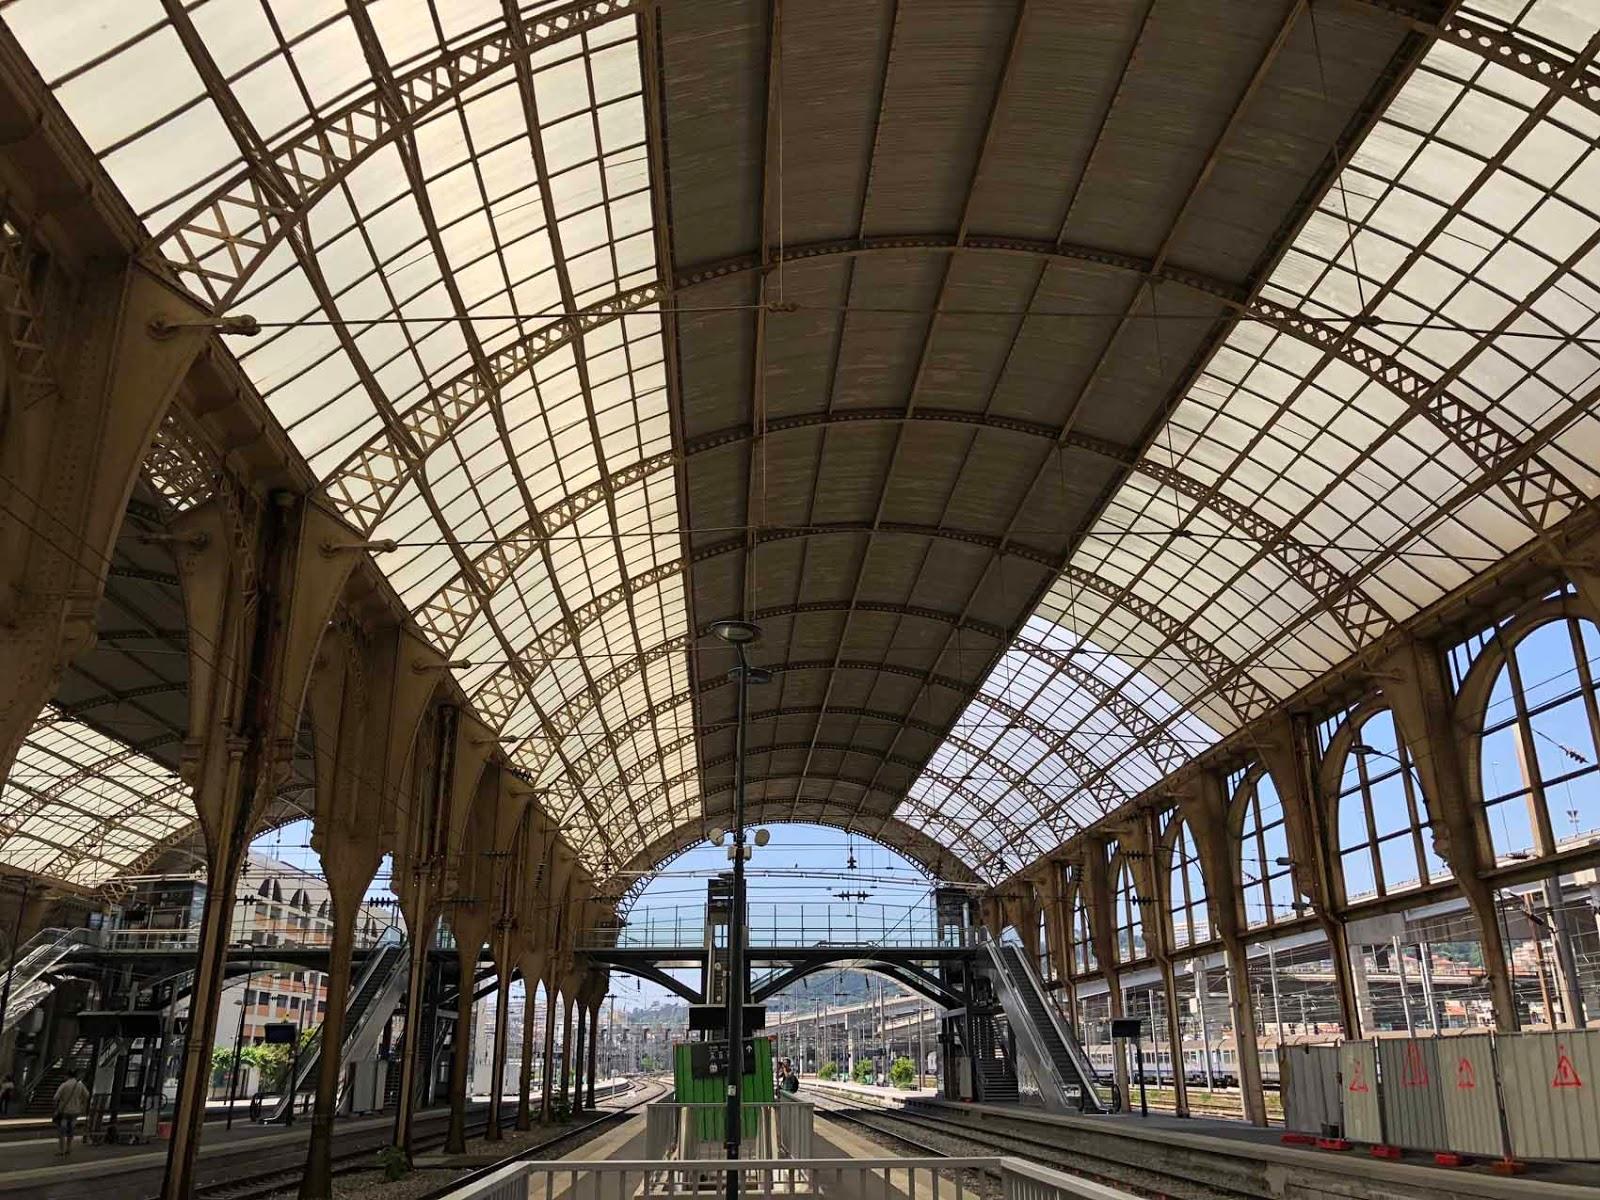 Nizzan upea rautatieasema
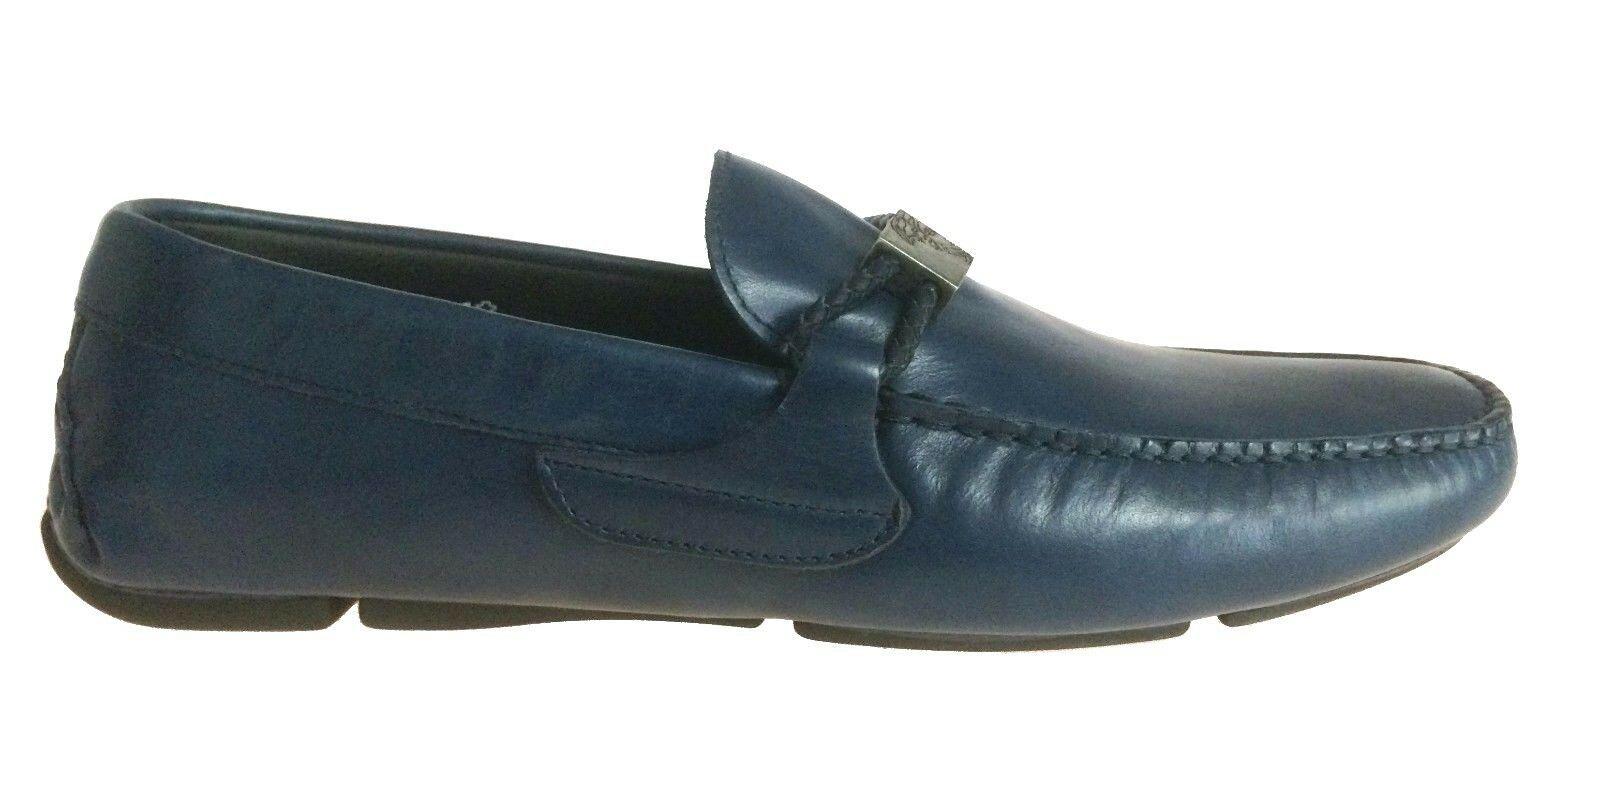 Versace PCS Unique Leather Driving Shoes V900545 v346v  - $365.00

──────────

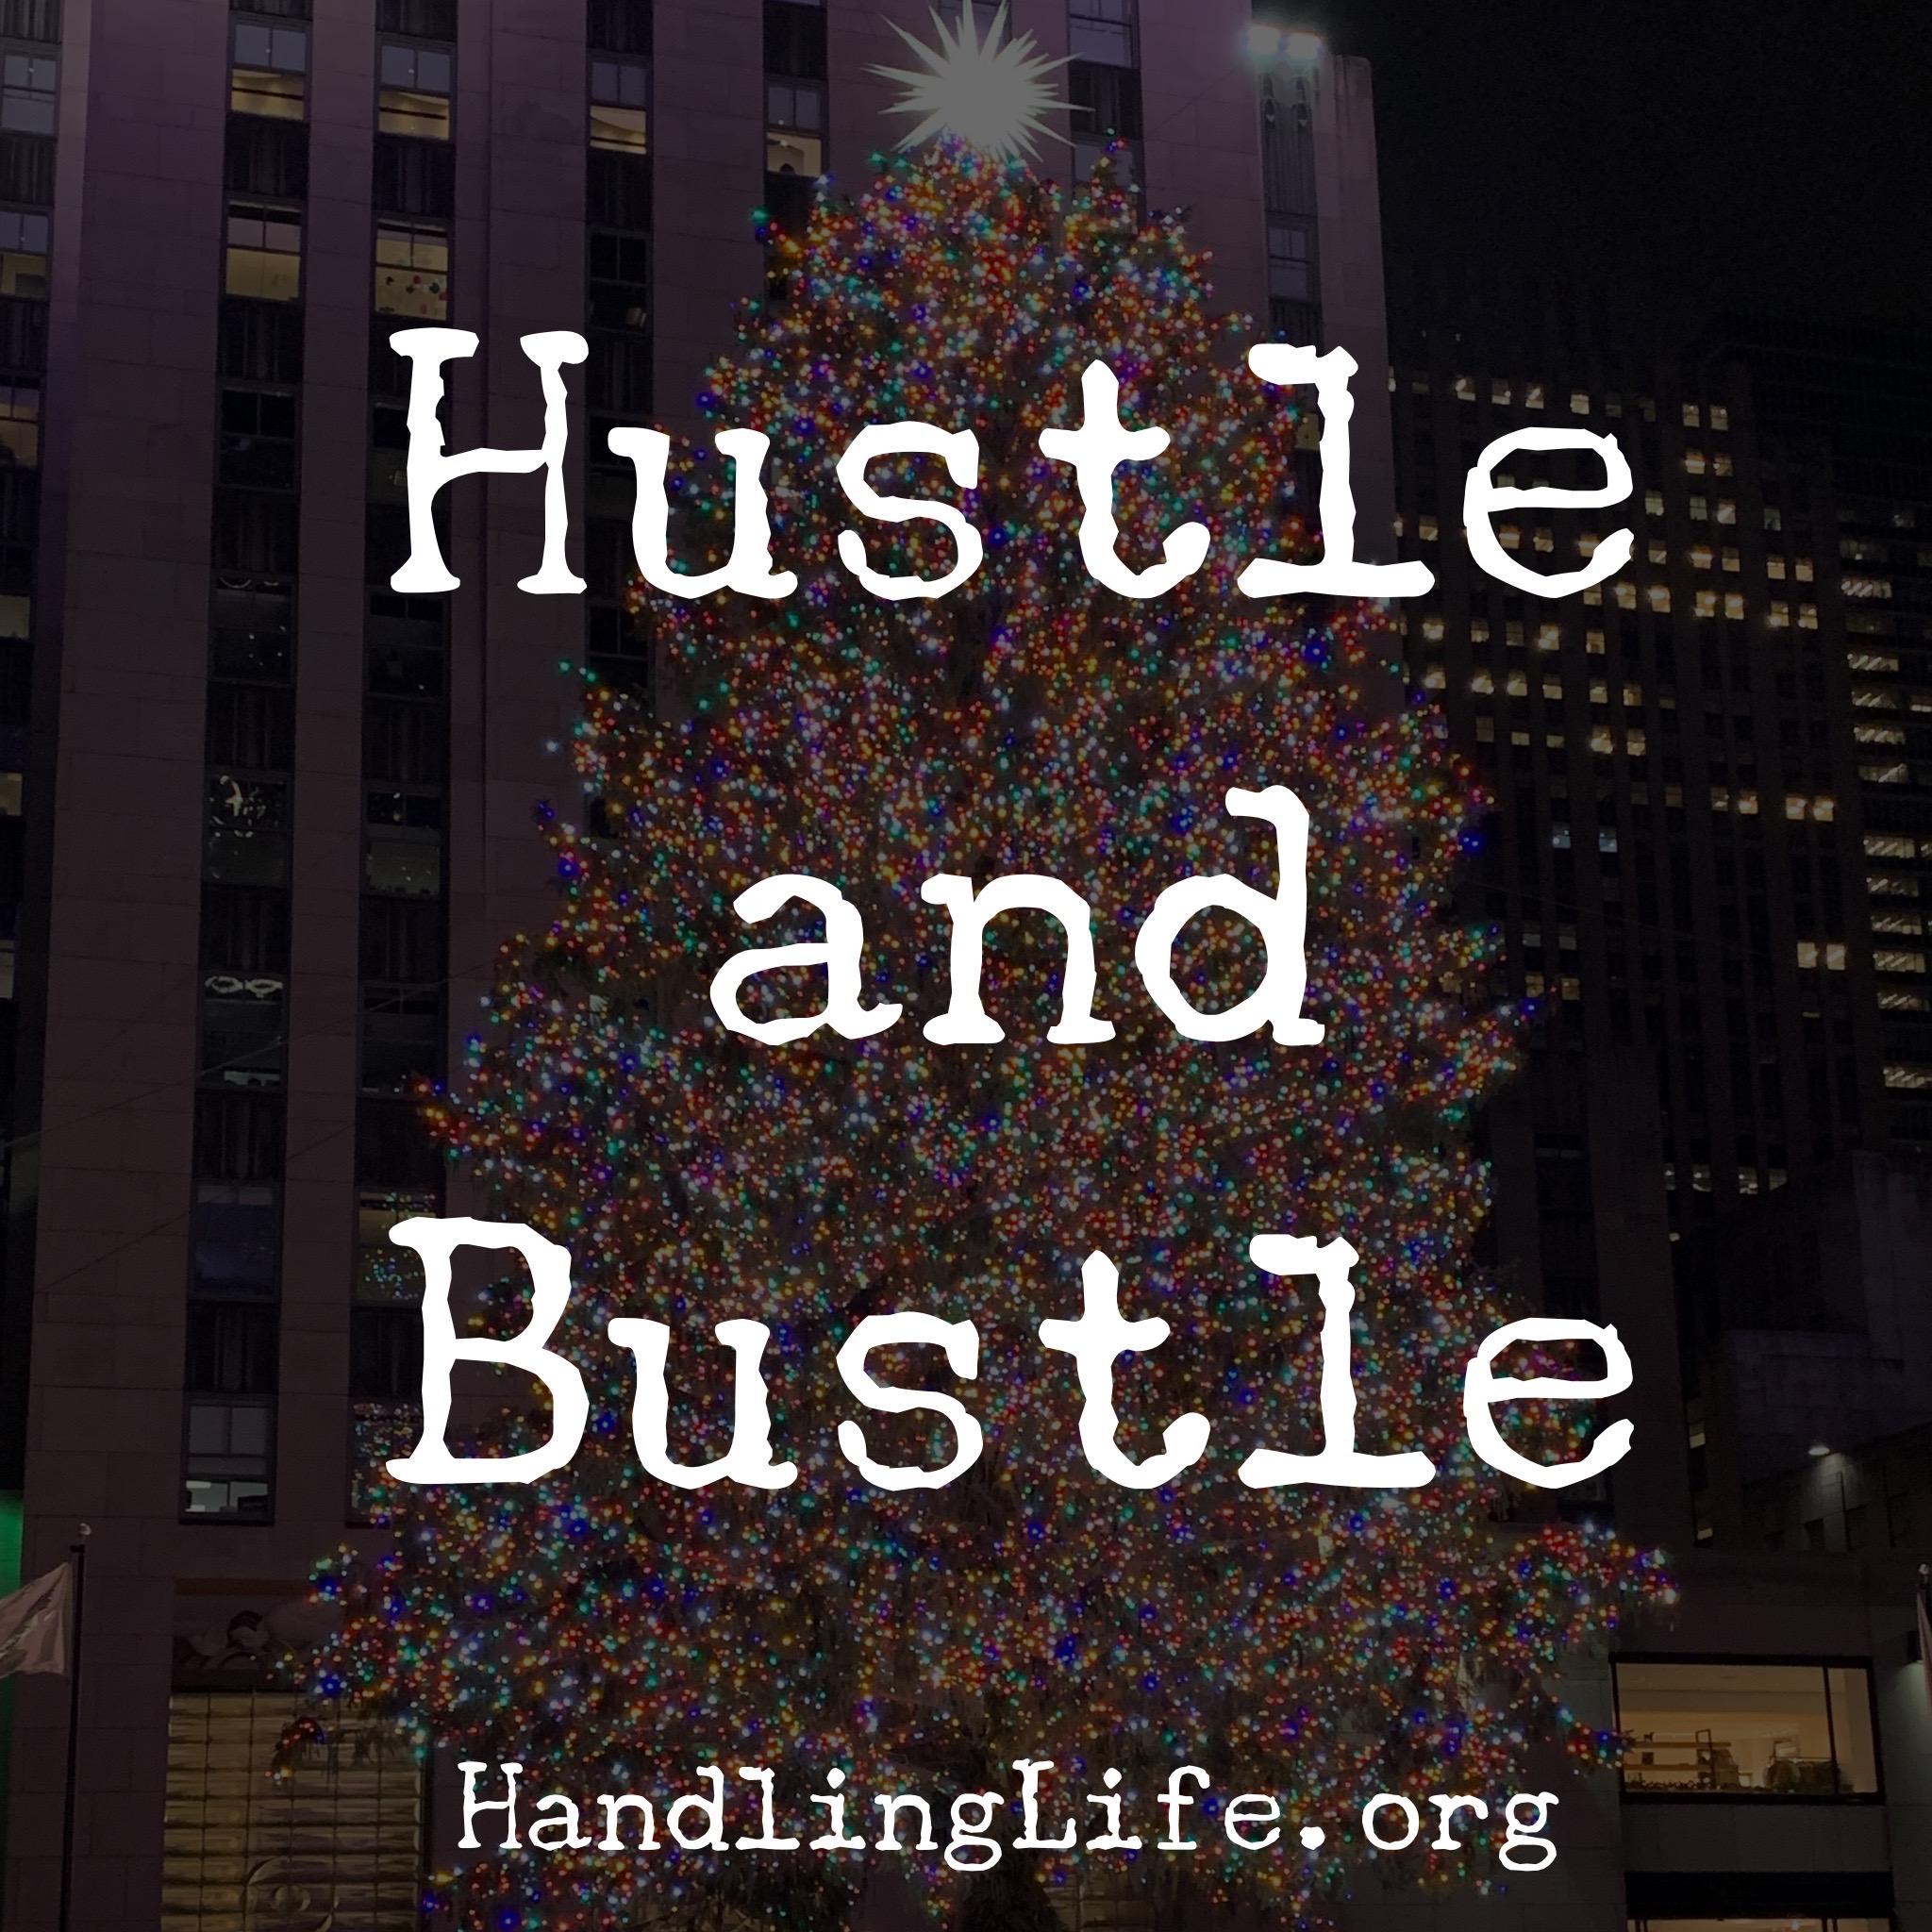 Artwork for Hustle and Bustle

──────────

### AIM OF THE TASK
Go to the line above that has "Nizzan upea rautatieasema" and copy exactly from there down to the line that has "Versace PCS Unique", both included. Leave the pictures out.

### SOLUTION BELOW
 Nizzan upea rautatieasema
 Versace PCS Unique Leather Driving Shoes V900545 v346v  - $365.00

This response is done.